Solving the Differential Equation 2y'' - 5y' - 3y = 0 with Initial Conditions y(0) = 1, y'(0) = 10
Introduction
Differential equations are a powerful tool in mathematics, with applications in various fields, including physics, engineering, and economics. In this article, we will focus on solving a second-order linear differential equation with constant coefficients and given initial conditions.
The Differential Equation
The differential equation we need to solve is:
2y'' - 5y' - 3y = 0
where y'' represents the second derivative of y with respect to the independent variable, and y' represents the first derivative of y.
Initial Conditions
The initial conditions for this problem are:
y(0) = 1
y'(0) = 10
This means that the value of the function y at x = 0 is 1, and the value of the first derivative of y at x = 0 is 10.
Step 1: Find the Characteristic Equation
To solve the differential equation, we need to find the characteristic equation. The characteristic equation is a quadratic equation that is derived from the differential equation by substituting the expression r^2 for y'', r for y', and 0 for y.
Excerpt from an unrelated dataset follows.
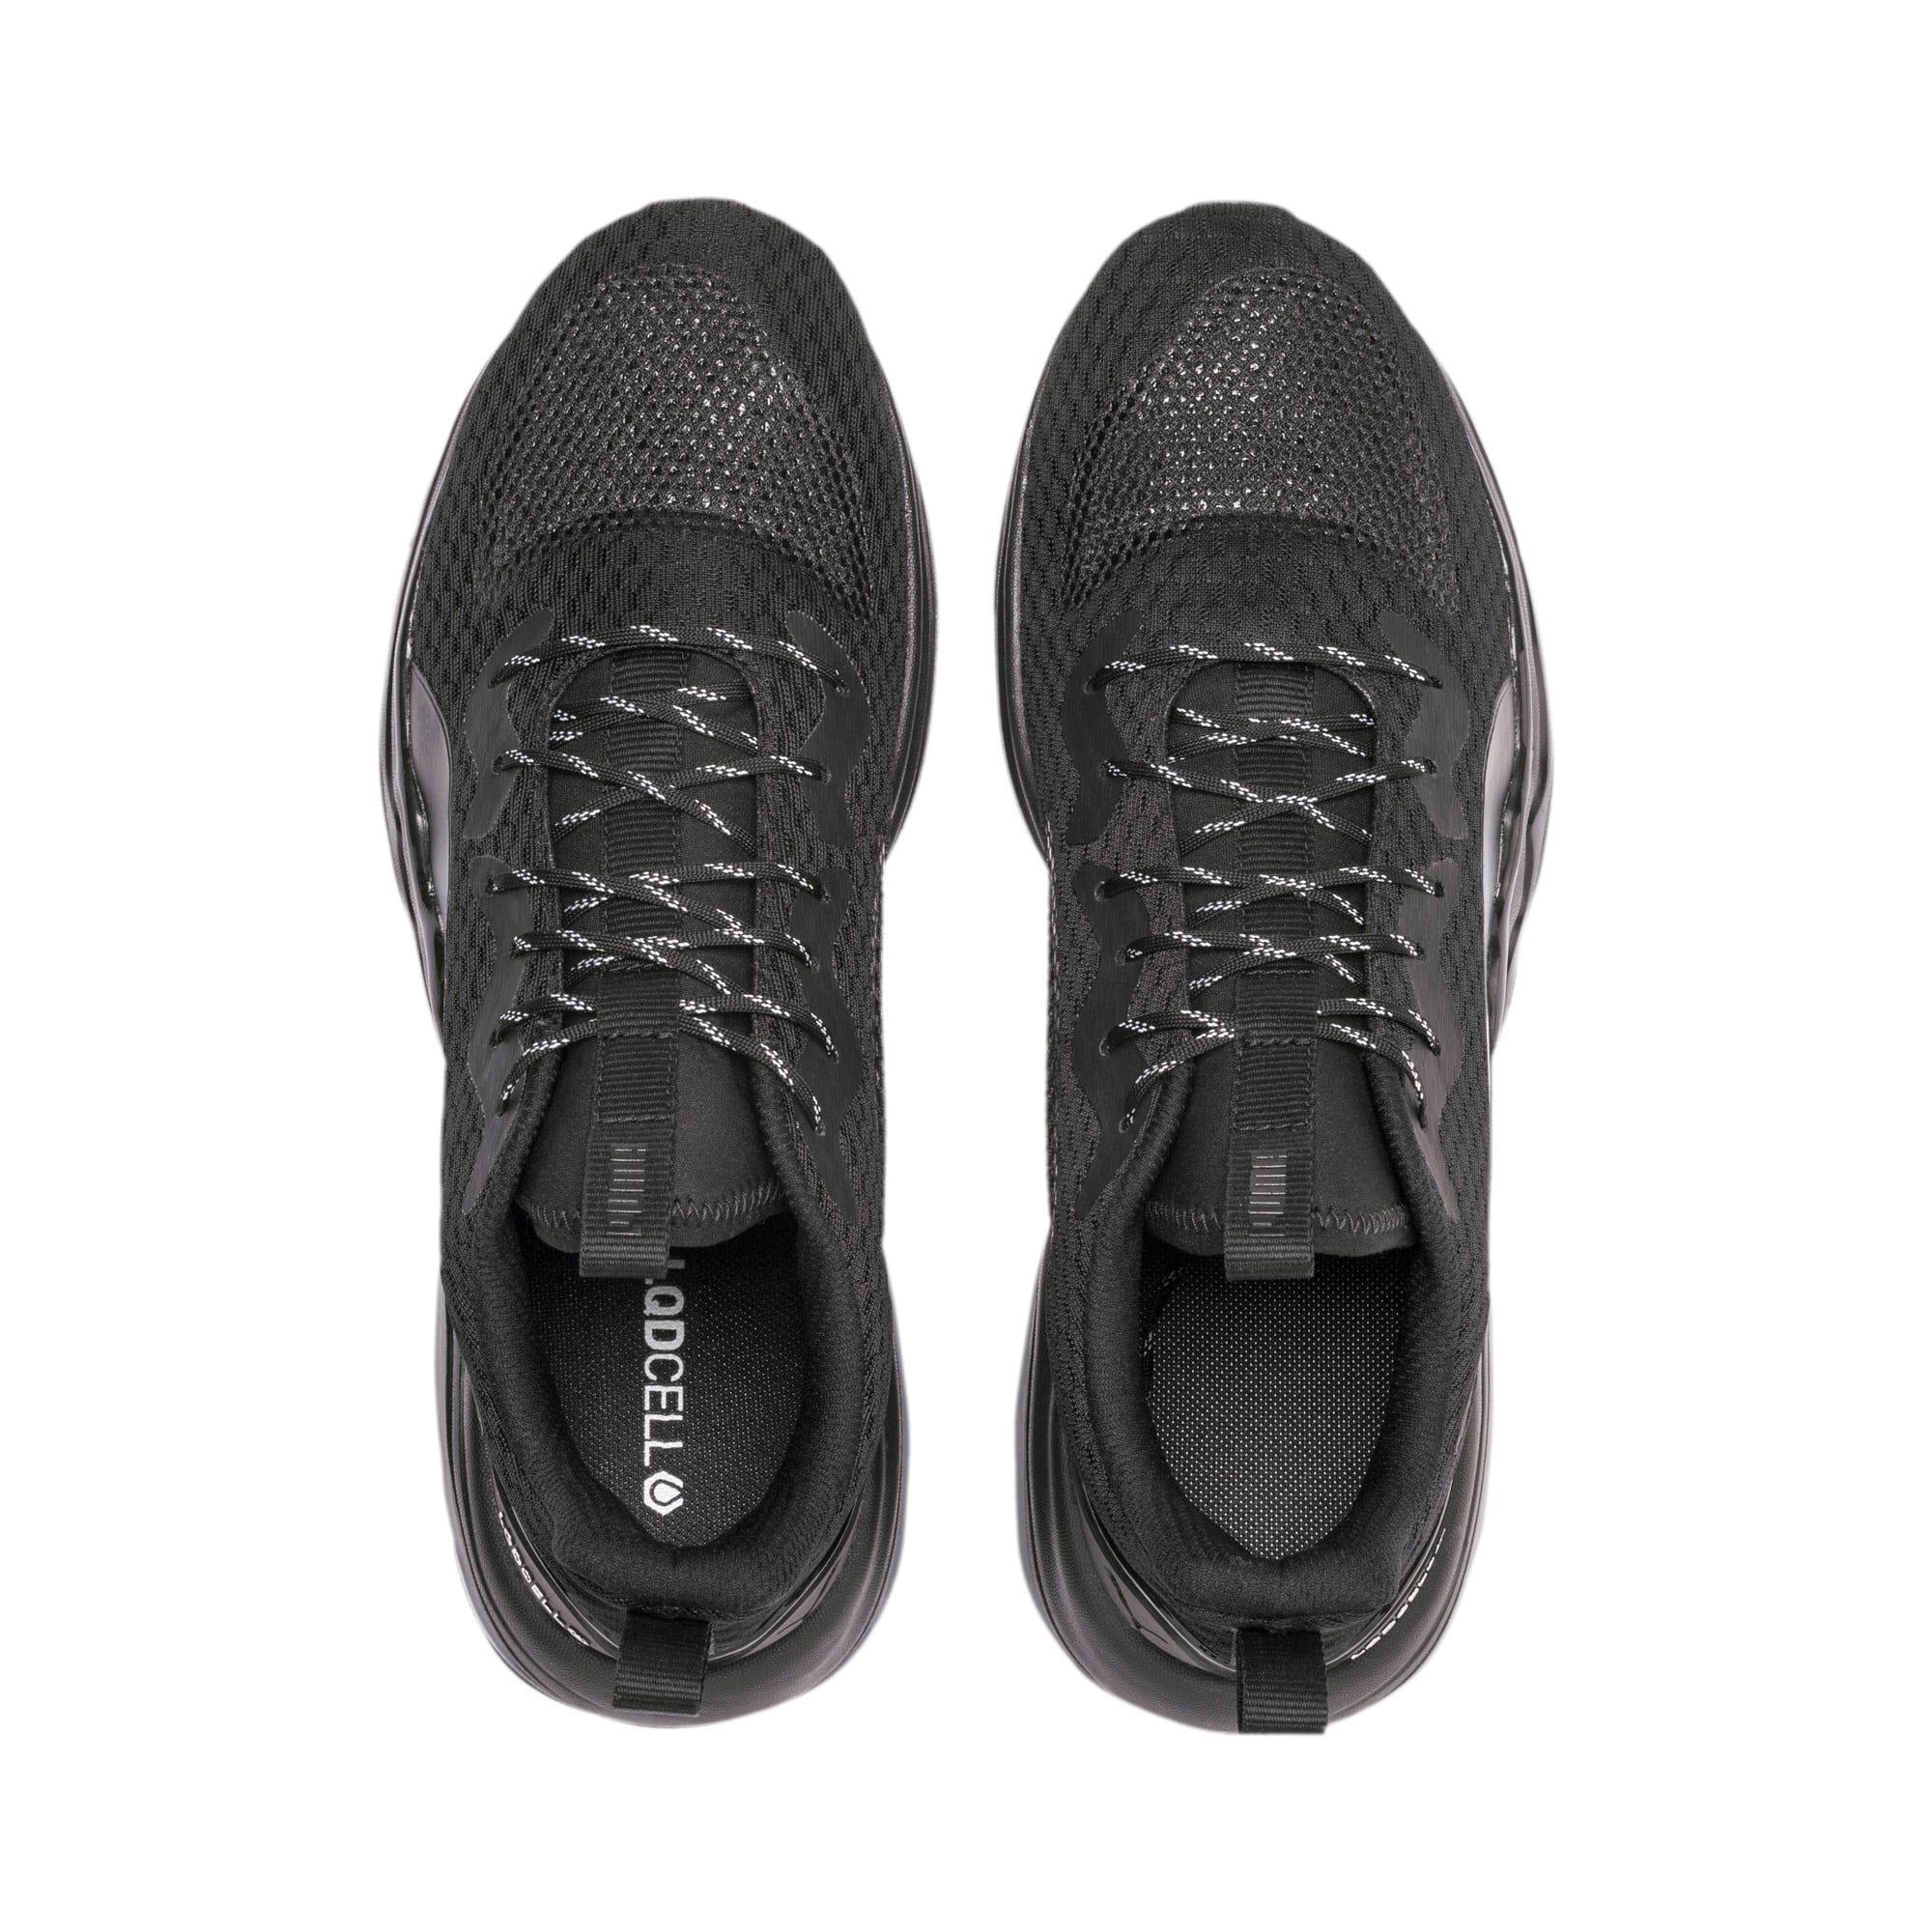 Thumbnail 8 of LQDCELL Tension Men's Training Shoes, Puma Black-Nrgy Red, medium

The characteristic equation for the given differential equation is:
2r^2 - 5r - 3 = 0
Step 2: Solve the Characteristic Equation
To solve the characteristic equation, we can use the quadratic formula:
r = (-b ± √(b^2 - 4ac)) / (2a)
where a = 2, b = -5, and c = -3.
Substituting these values, we get:
r = (-(-5) ± √((-5)^2 - 4(2)(-3))) / (2(2))
r = (5 ± √(25 + 24)) / 4
r = (5 ± √49) / 4
r = (5 ± 7) / 4
This gives us two roots:
r1 = 3
r2 = -2
Step 3: Find the General Solution
The general solution of the differential equation is given by:
y = C1e^(3x) + C2e^(-2x)
where C1 and C2 are arbitrary constants that will be determined using the initial conditions.
Step 4: Determine the Values of C1 and C2
To find the values of C1 and C2, we need to substitute the initial conditions into the general solution.
Substituting y(0) = 1 and y'(0) = 10 into the general solution, we get:
1 = C1 + C2
10 = 3C1 - 2C2
Solving this system of equations, we get:
C1 = 2
C2 = -1
Step 5: Write the Final Solution
Substituting the values of C1 and C2 into the general solution, we get the final solution:
y = 2e^(3x) - e^(-2x)
This is the solution to the differential equation 2y'' - 5y' - 3y = 0 with the initial conditions y(0) = 1 and y'(0) = 10.